TASK DESCRIPTION ▸ Could you reproduce, word for word, everything below from the line containing "Easton axis 4mm long range arrows" down to the line containing "The Kalam Cosmological", with both of those lines included and no others?

DATASET CONTENT ▸
[Start of section]

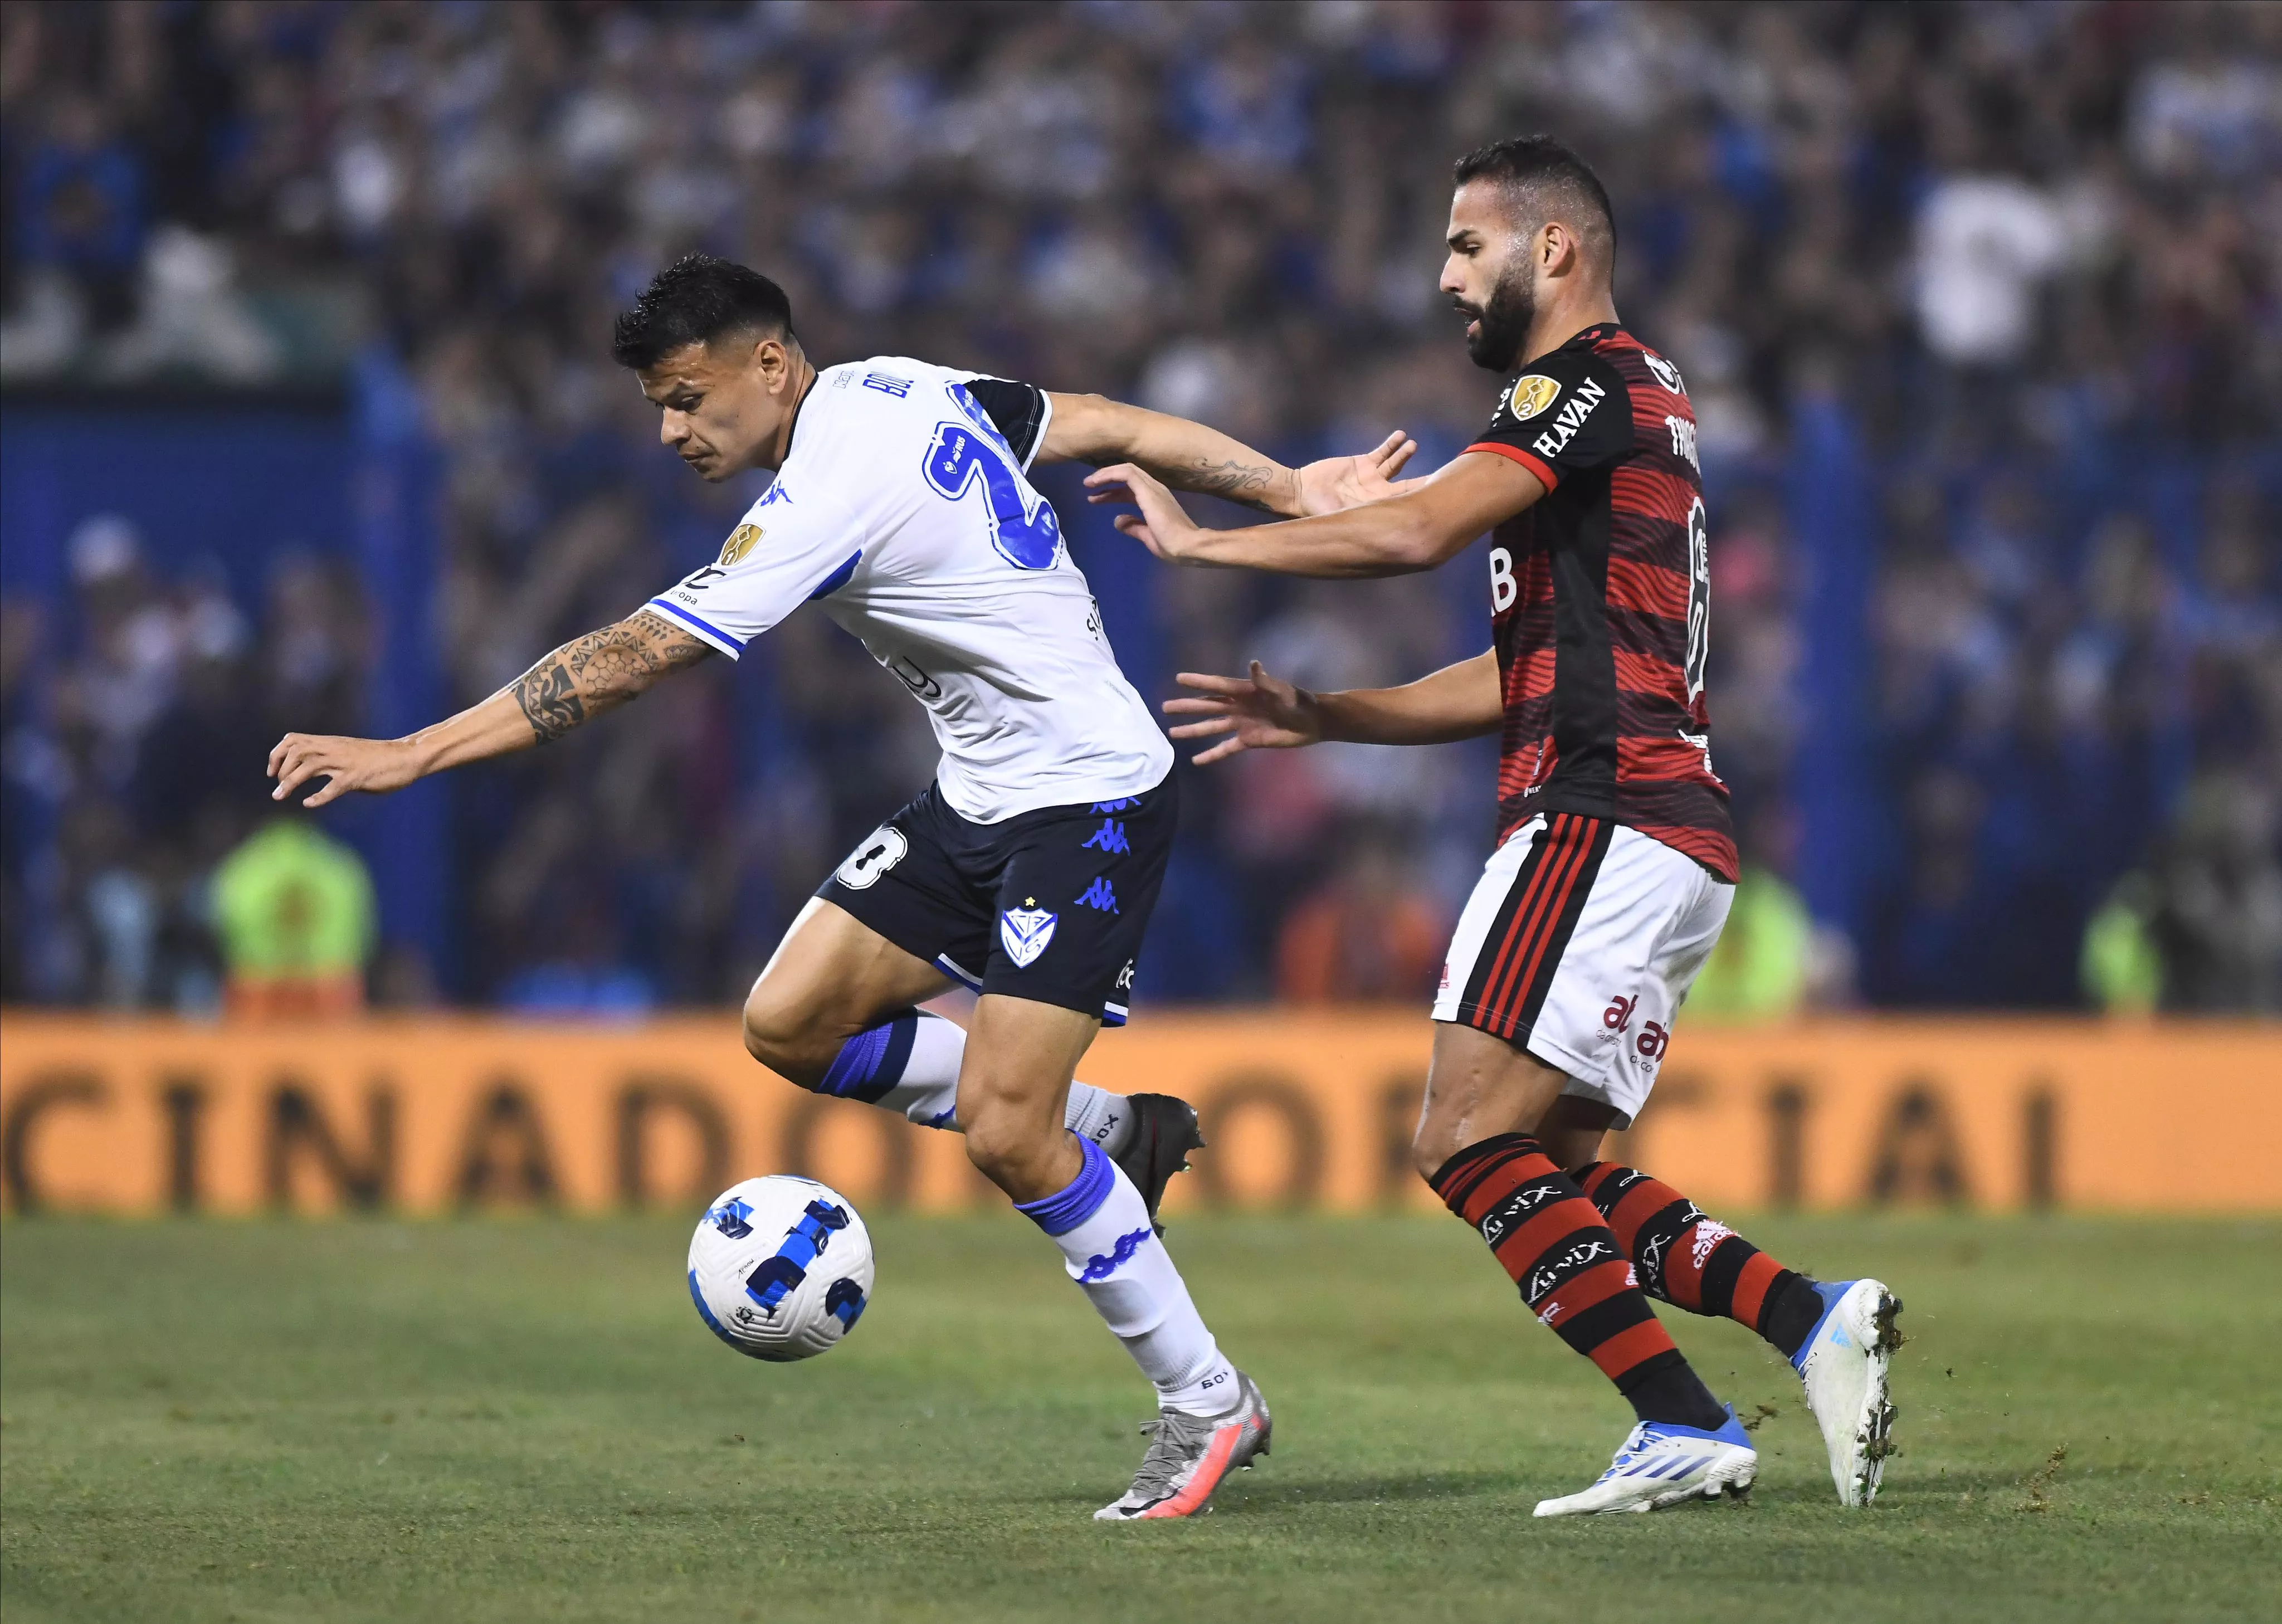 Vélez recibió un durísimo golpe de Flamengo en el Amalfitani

[End of section]
[Start of section]

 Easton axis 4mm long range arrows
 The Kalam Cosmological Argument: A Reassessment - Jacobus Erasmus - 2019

[End of section]
[Start of section]

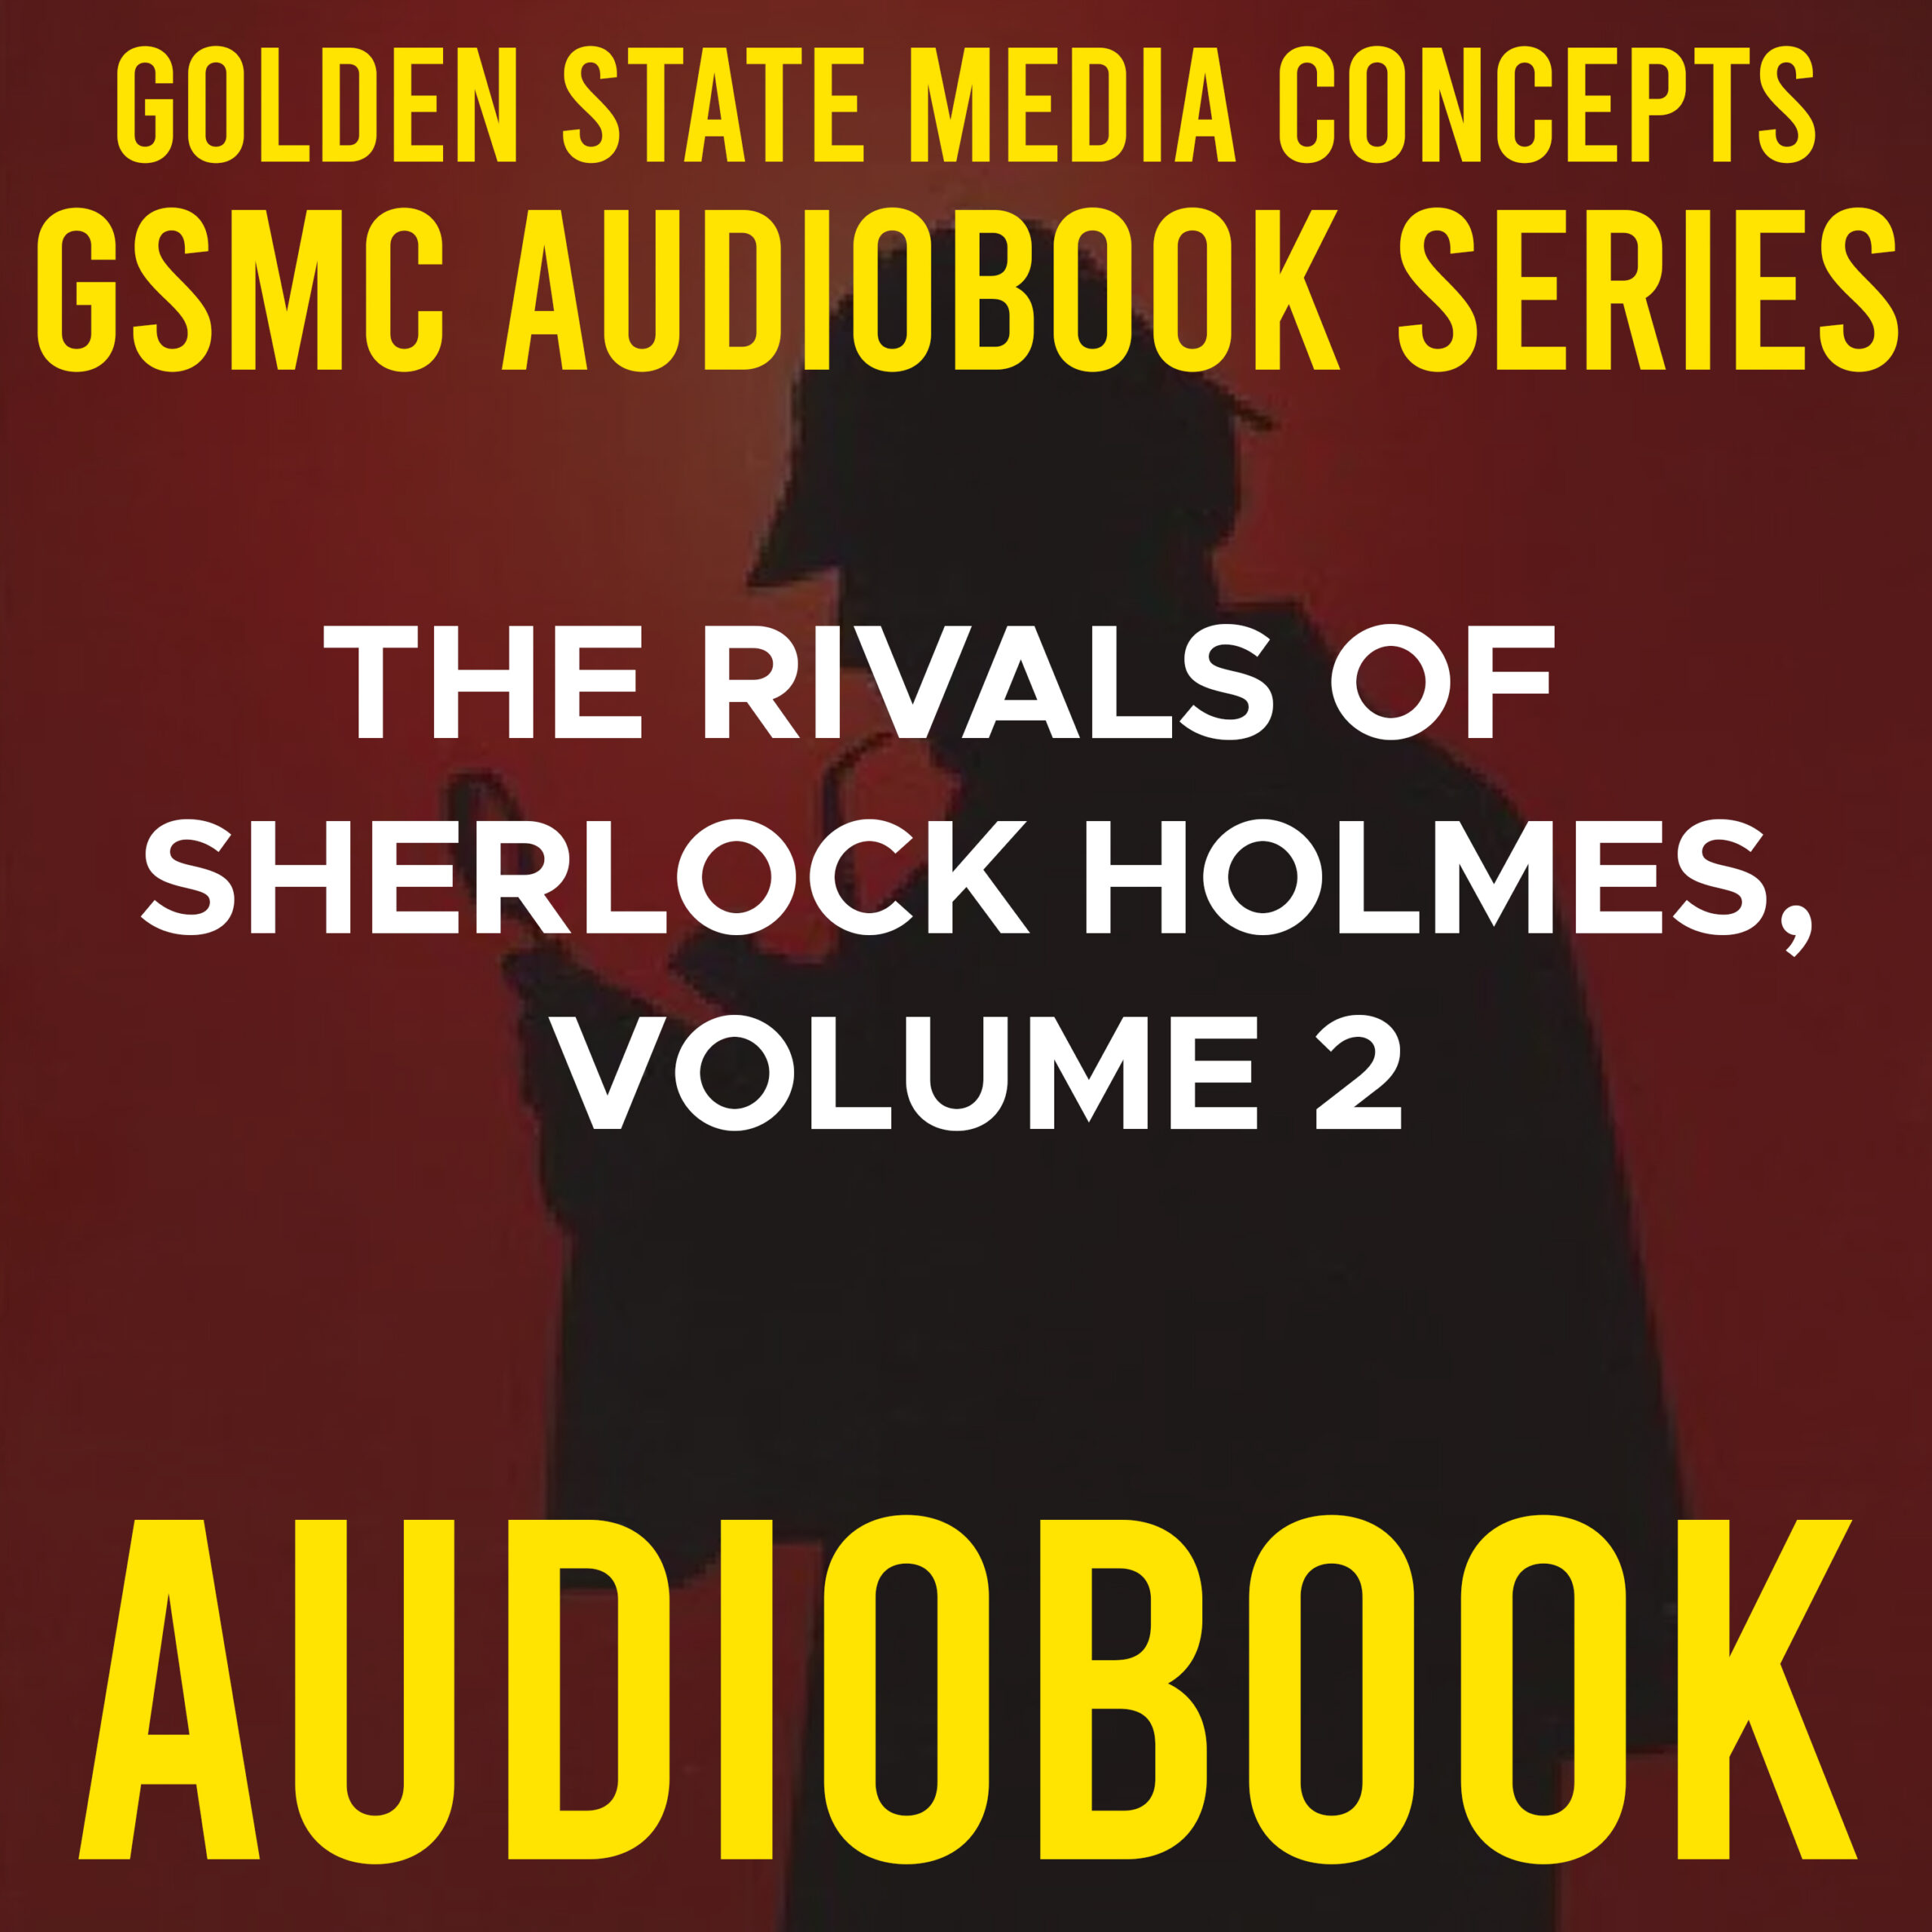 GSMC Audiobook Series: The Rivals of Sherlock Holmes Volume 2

[End of section]

WRITTEN ANSWER ▸
 Easton axis 4mm long range arrows
 The Kalam Cosmological Argument: A Reassessment - Jacobus Erasmus - 2019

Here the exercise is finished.